▶ **EXERCISE**: Return the data verbatim, without pictures.

▶ **DATASET EXCERPT**:
==============================
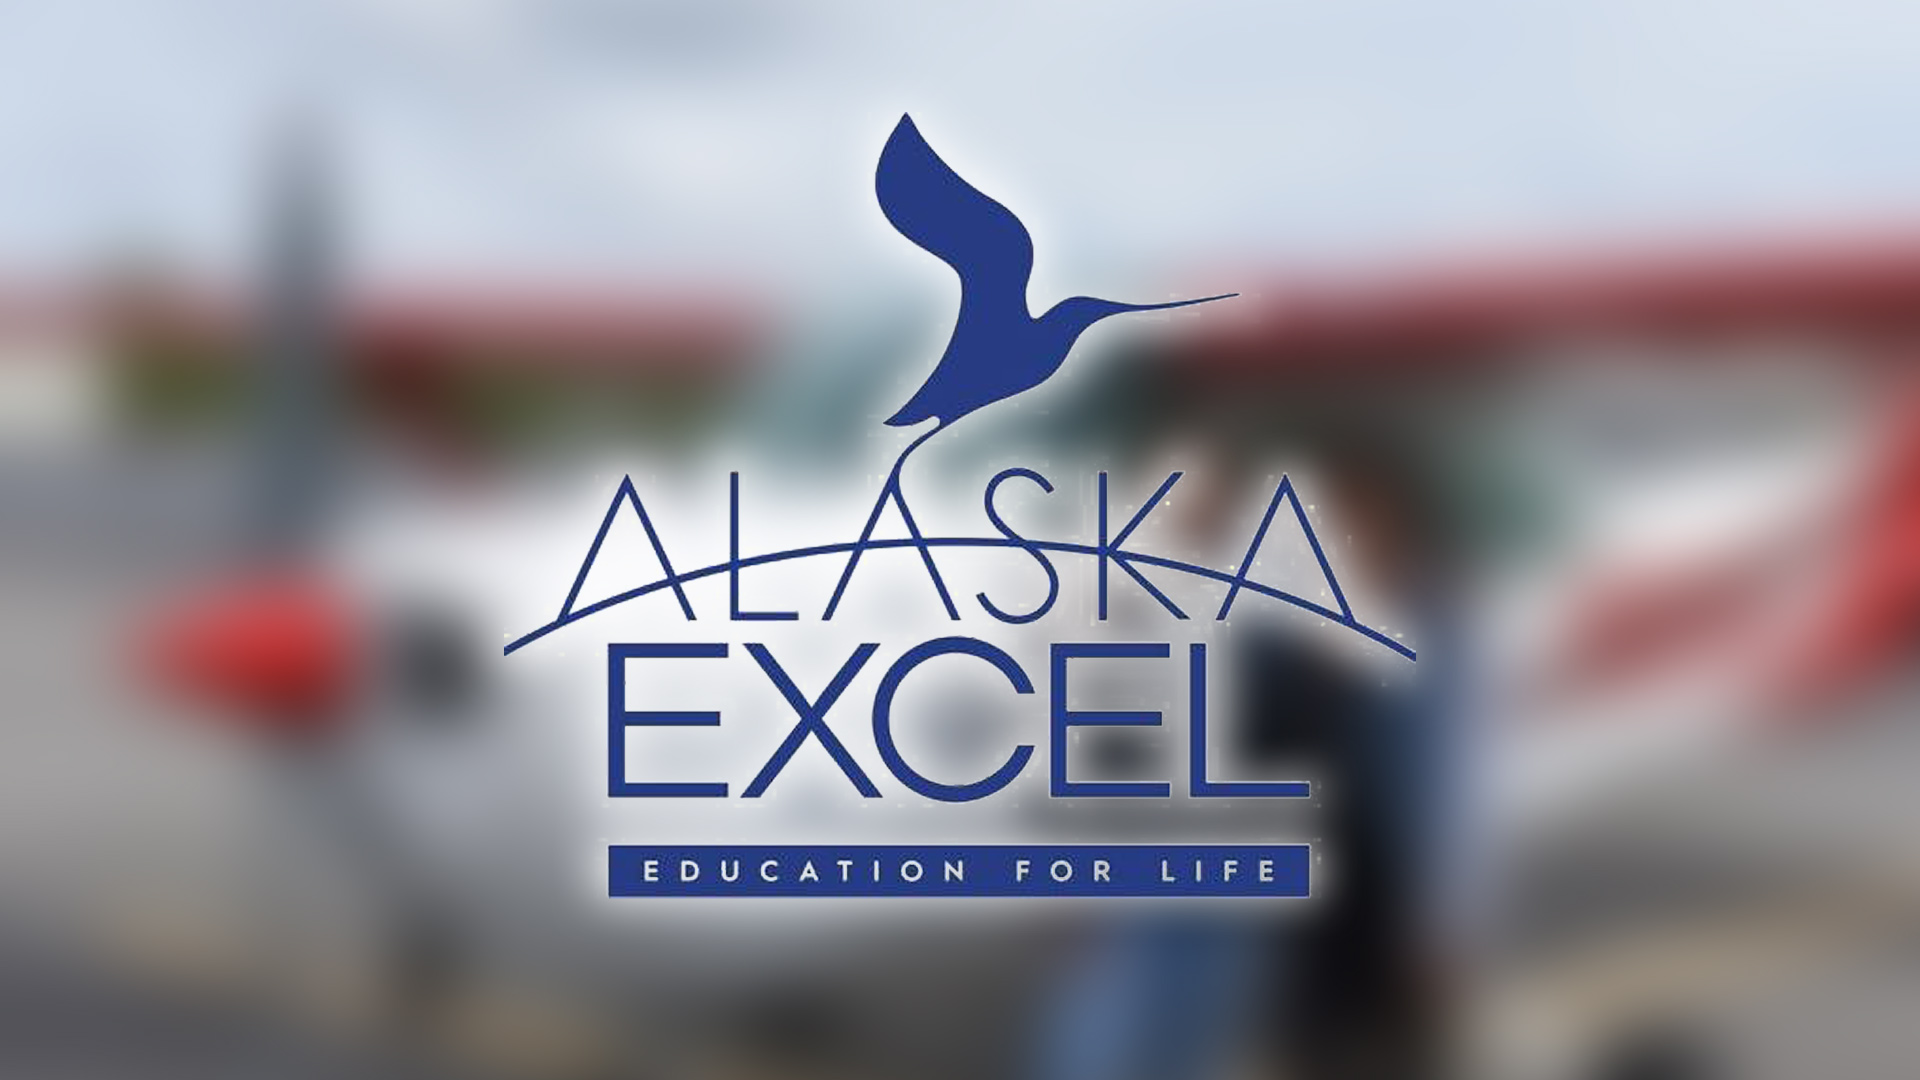 Alaska Excel
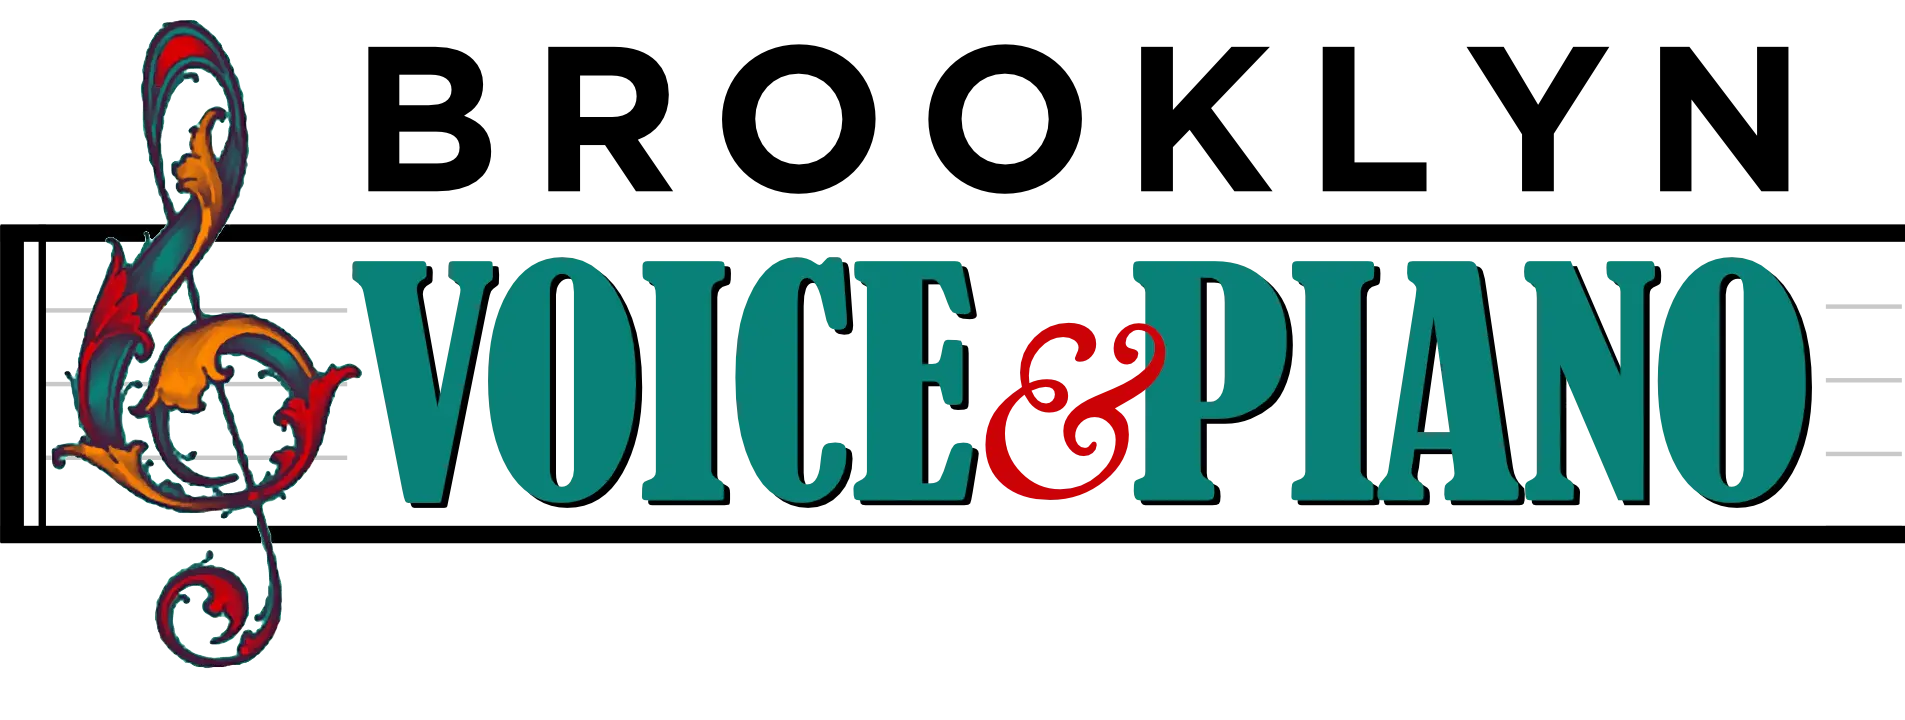 Brooklyn Voice & Piano logo
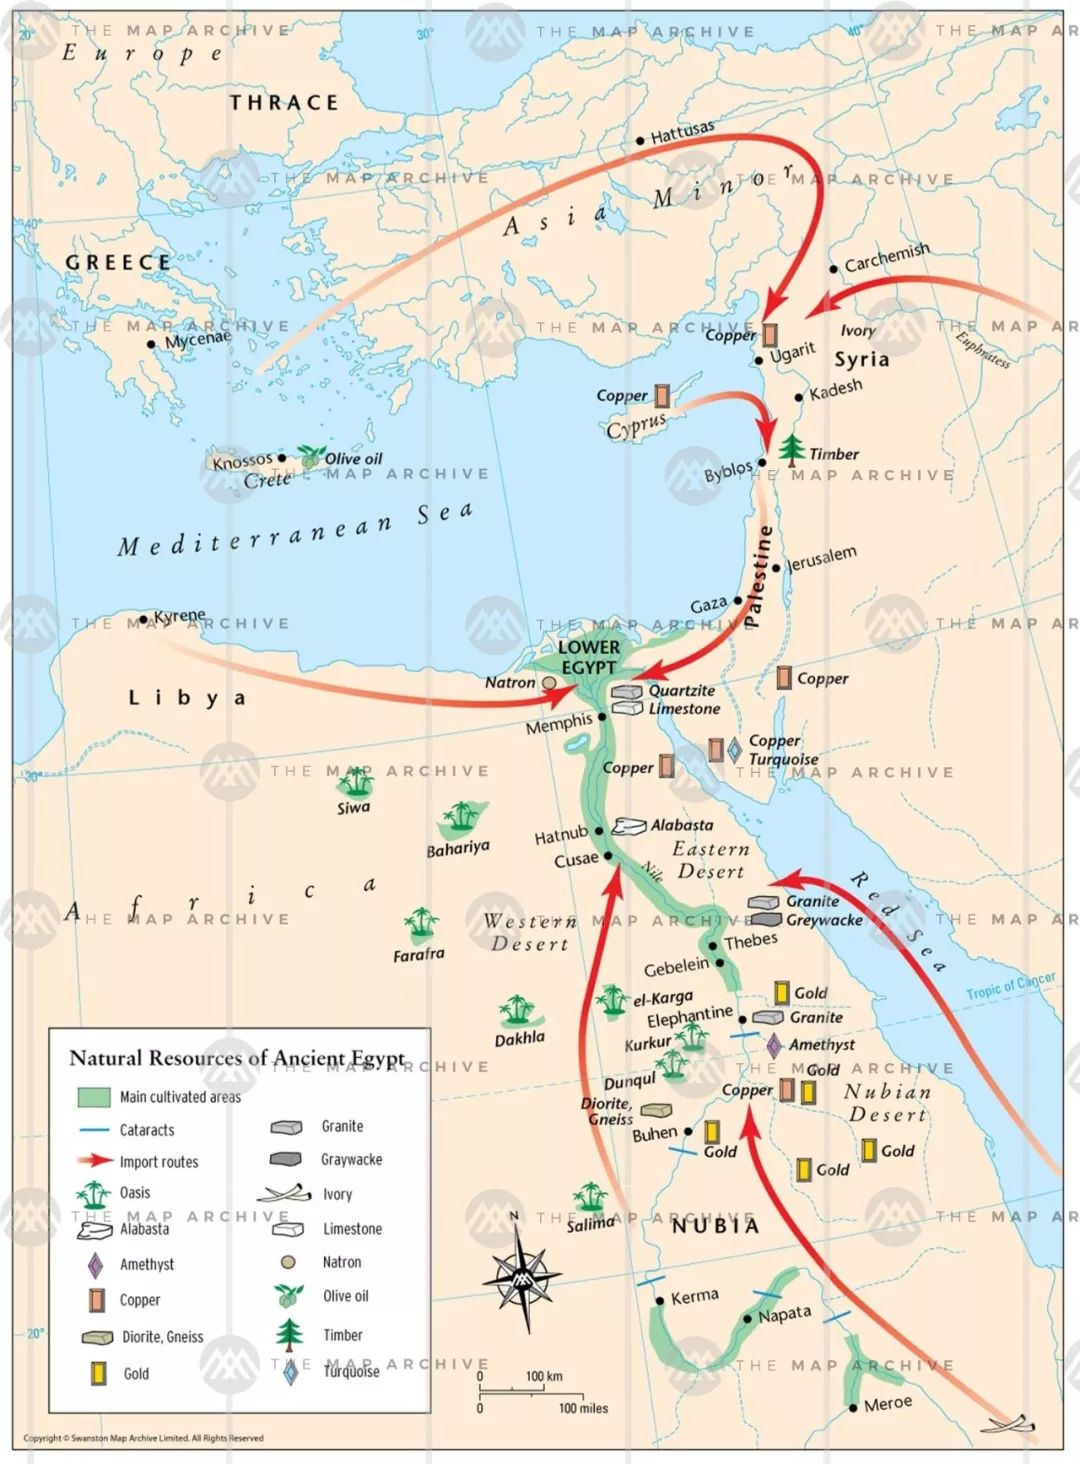 近东地区的资源分布和埃及的进口路线图片
==============================
▶ **WRITTEN REPLY**:
 Alaska Excel
 Brooklyn Voice & Piano logo
 近东地区的资源分布和埃及的进口路线图片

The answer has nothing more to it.